We tested the PTQ(Post Training Quantization) quantization of different models and used FakeQuantize in PyTorch to count the quantization data, where the observer uses minmax and percentile. The table below shows the test results of the models. Note that activations use the same observer as weights unless otherwise noted.
models\infer acc | FP32 | JIT(minmax) | TVM (minmax) | TensorRT(act=percentile,weight=minmax) |
---|---|---|---|---|
resnet18 | 69.758 | 69.274 | 69.500 | 69.56 |
resnet50 | 76.13 | 75.580 | 75.612 | 75.99 |
mobilenetv2 | 71.878 | 70.730(act=percentile) | 70.816 | 71.11 |
For AutoSlim, we give the pruning effect of the resnet50 model on the ImageNet dataset.

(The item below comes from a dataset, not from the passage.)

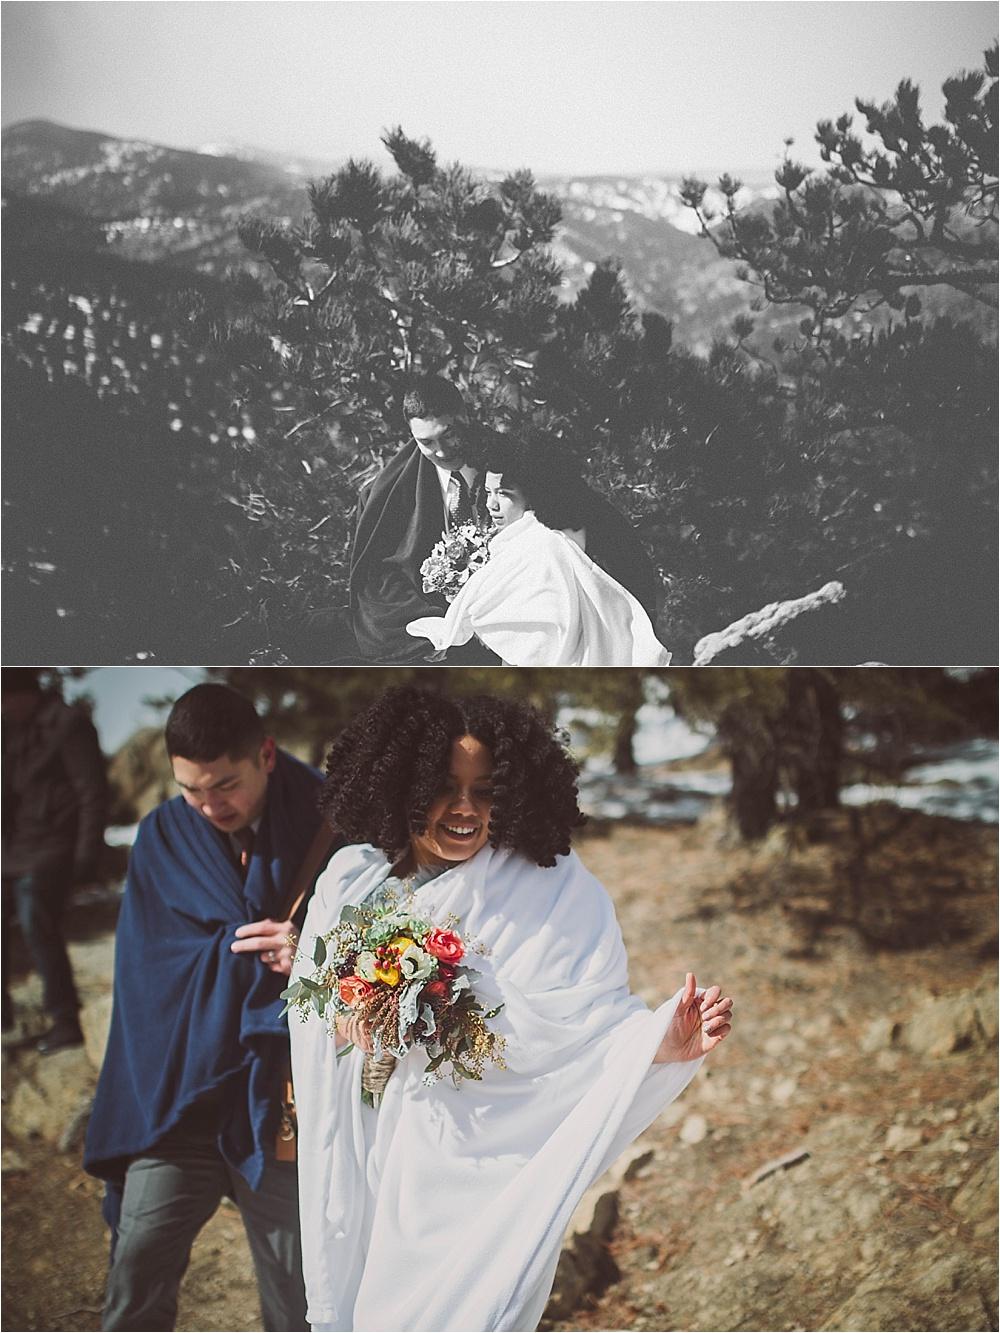 manzanita photo by rebecca caridad wedding lifestlye photography floral design calligraphy_1219.jpg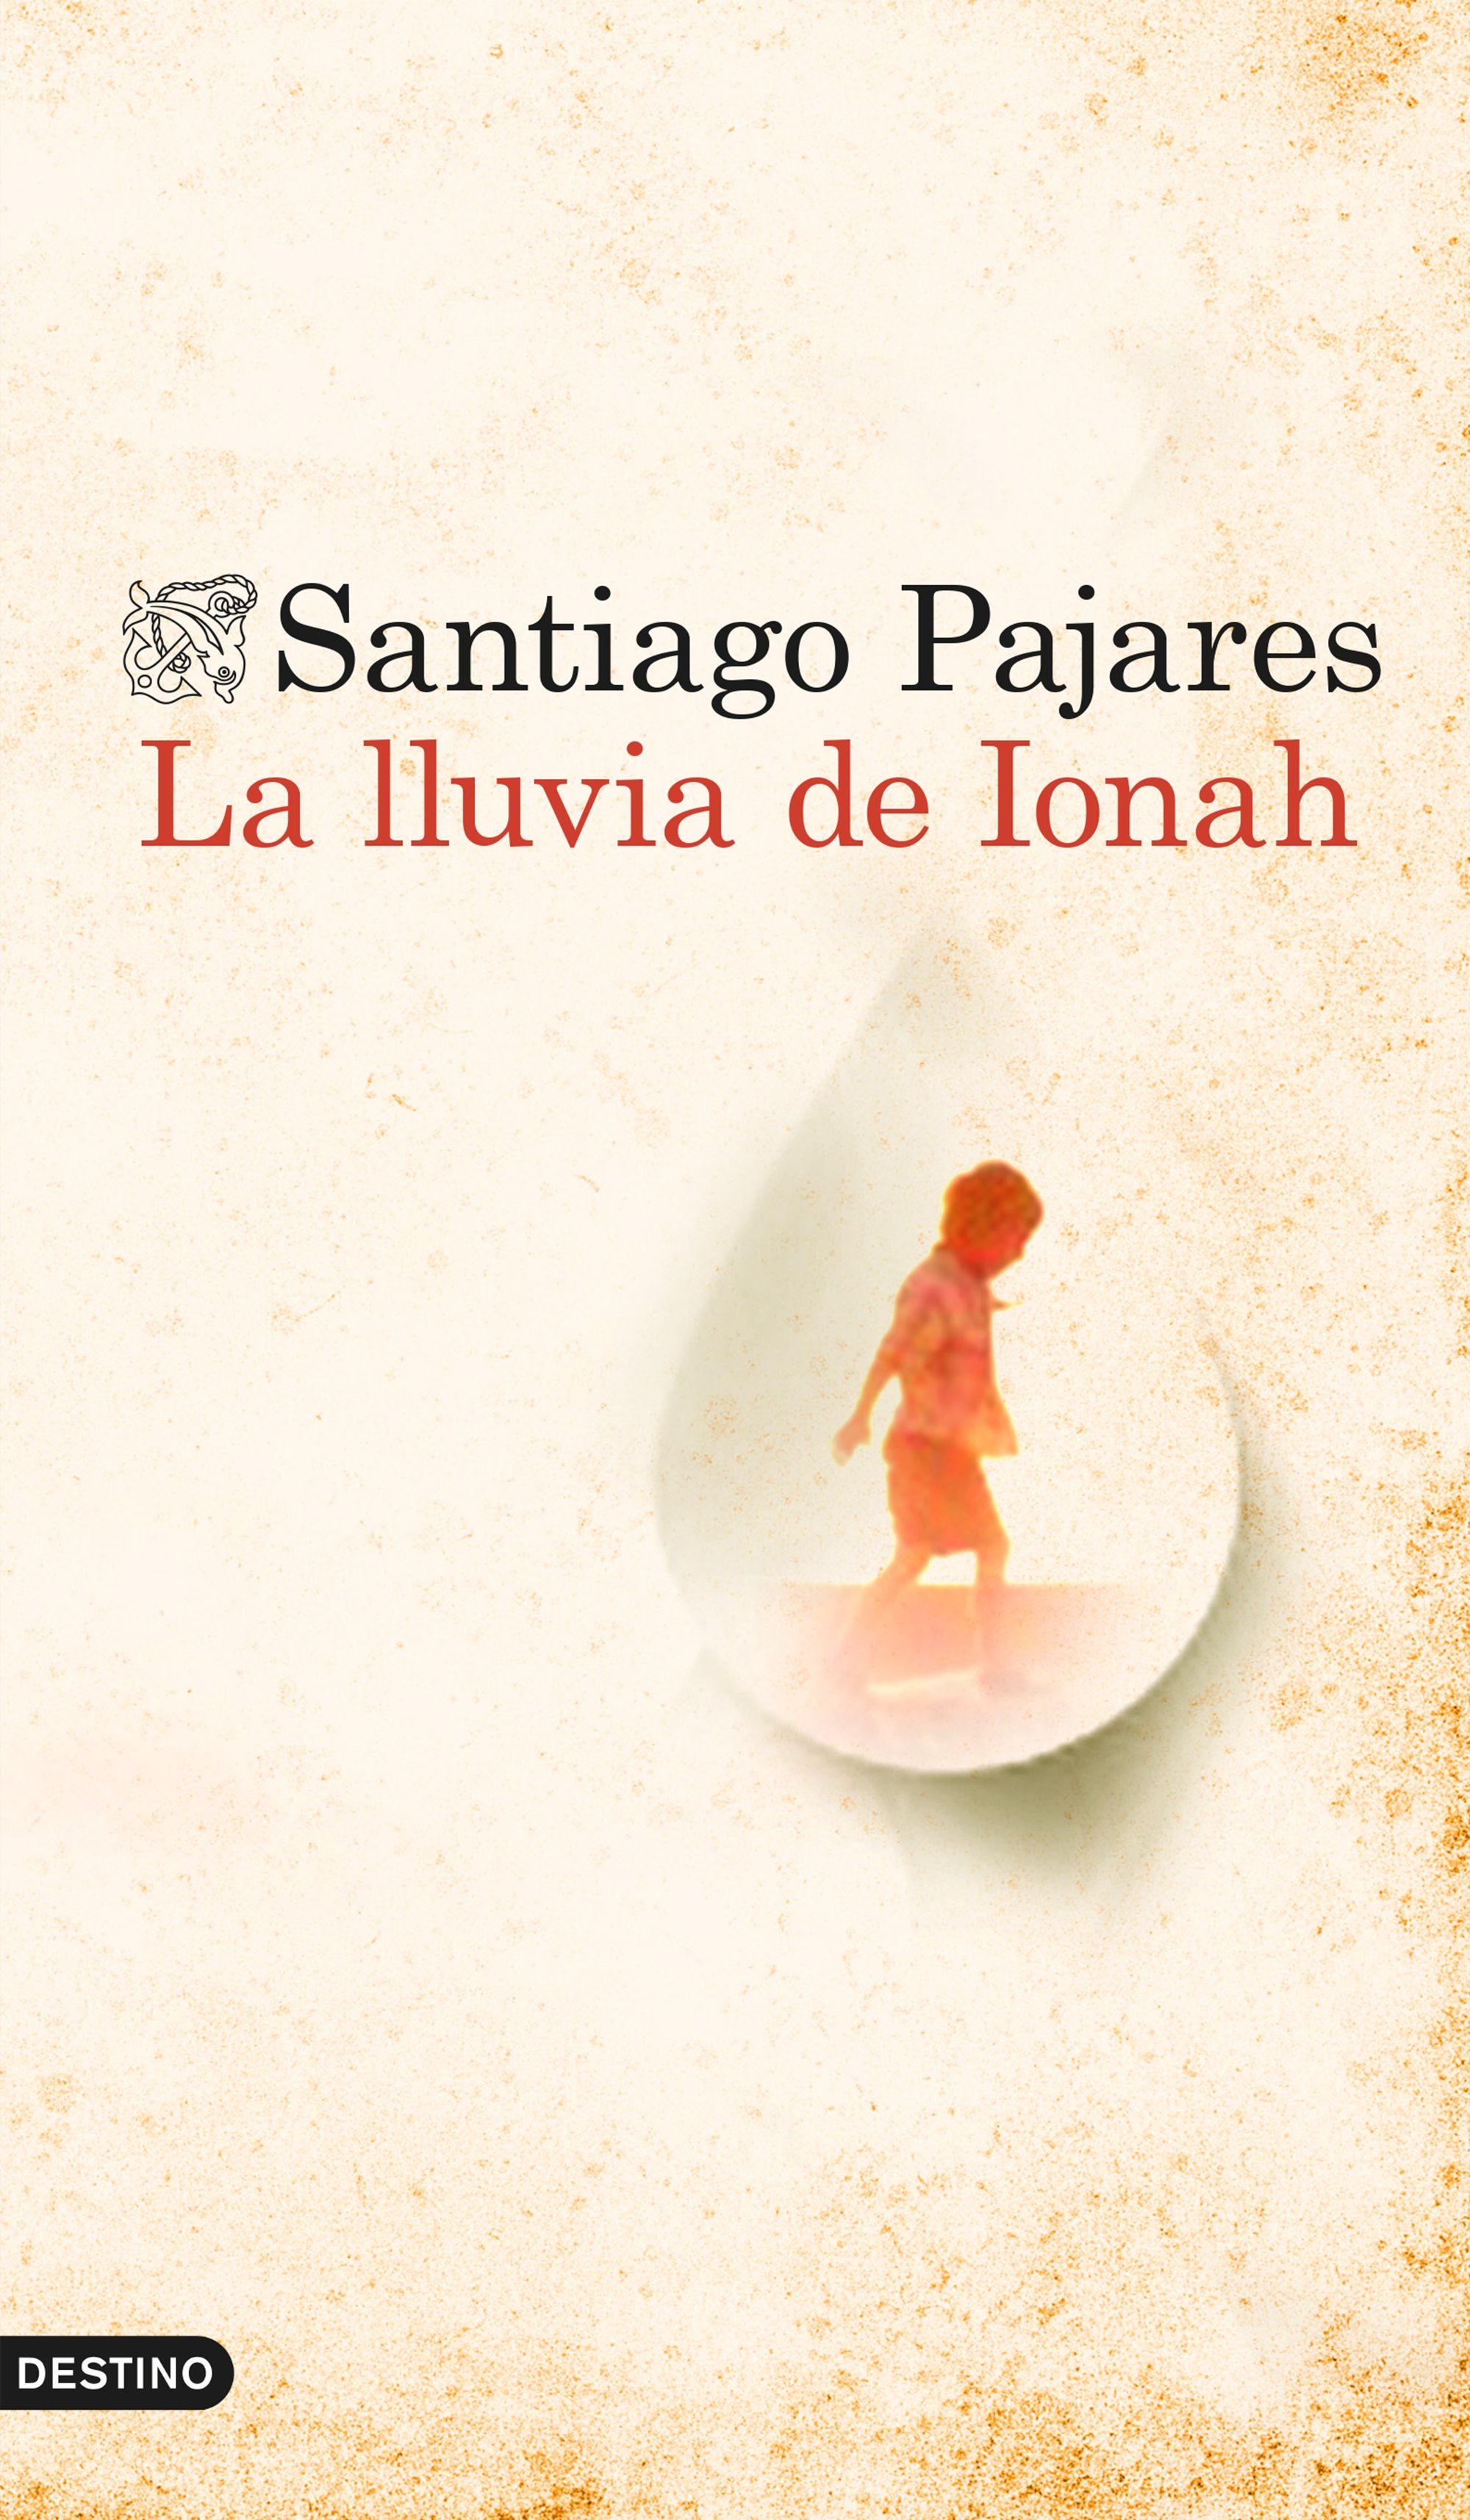 La lluvia de Ionah - Santiago Pajares Portada

FLOPs(G) | Params(M) | Size(MB) | Top-1 | Acc | Input Size |
---|---|---|---|---|---|
ResNet5 | 4.12 | 25.56 | 98 | 77.39% | 224 |
ResNet-50 0.75× | 2.35 | 14.77 | 57 | 75.87% | 224 |
ResNet-50 0.5× | 1.07 | 6.92 | 27 | 72.75% | 224 |
ResNet-50 0.35× | 0.56 | 3.57 | 14 | 69.05% | 224 |
AutoSlim-ResNet-50 | 3.04(-26.2%) | 23.17 | 89 | 77.53%(+0.14%) | 224 |
AutoSlim-ResNet-50 | 2.03(-13.6%) | 18.95 | 73 | 75.77%(-0.1%) | 224 |
AutoSlim-ResNet-50 | 1.02(-4.7%) | 10.24 | 39 | 73.16%(+0.41%) | 224 |
AutoSlim-ResNet-50 | 0.59(+5.4%) | 6.70 | 26 | 70.90%(+1.85%) | 224 |
The following table shows the effect of AutoSlim on YOLOv5m backbone pruning.
FLOPs(G) | Params(M) | Size(MB) | mAPval 0.5:0.95 | Input Size |
---|---|---|---|---|
YOLOv5m | 24.5 | 21.2 | 81 | 44.4 |
AutoSlim-YOLOv5m | 16.7(-31.8%) | 17.8(-16%) | 69(-14.8%) | 42.0(-2.4) |
In addition, we tested the time consumption of ResNet50 using the AutoSlim algorithm on 8 x v100 GPUs using different methods.
steps | baseline spend time(hours) | apex spend time(hours) | apex,96×96 spend time(hours) | Input Size |
---|---|---|---|---|
supernet training | 28 | 17.4(-37.9%) | 6.25(-77.7%) | 96 |
searching sub-network | 113 | 73(-35.4%) | 43.75(-61.3%) | 96 |
AutoSlim-ResNet-50-3G | retrain | 11.8 | 9.8(-16.9%) | 9.8(-16.9%) |
AutoSlim-ResNet-50-1G | retrain | 9.8 | 9.8(0%) | 9.8(0%) |
The framework provides an easy model training solution and supports the training of Timm, TorchVision, and custom models. To speed up training, we also support model training on a single node that has multiple GPUs or multiple nodes.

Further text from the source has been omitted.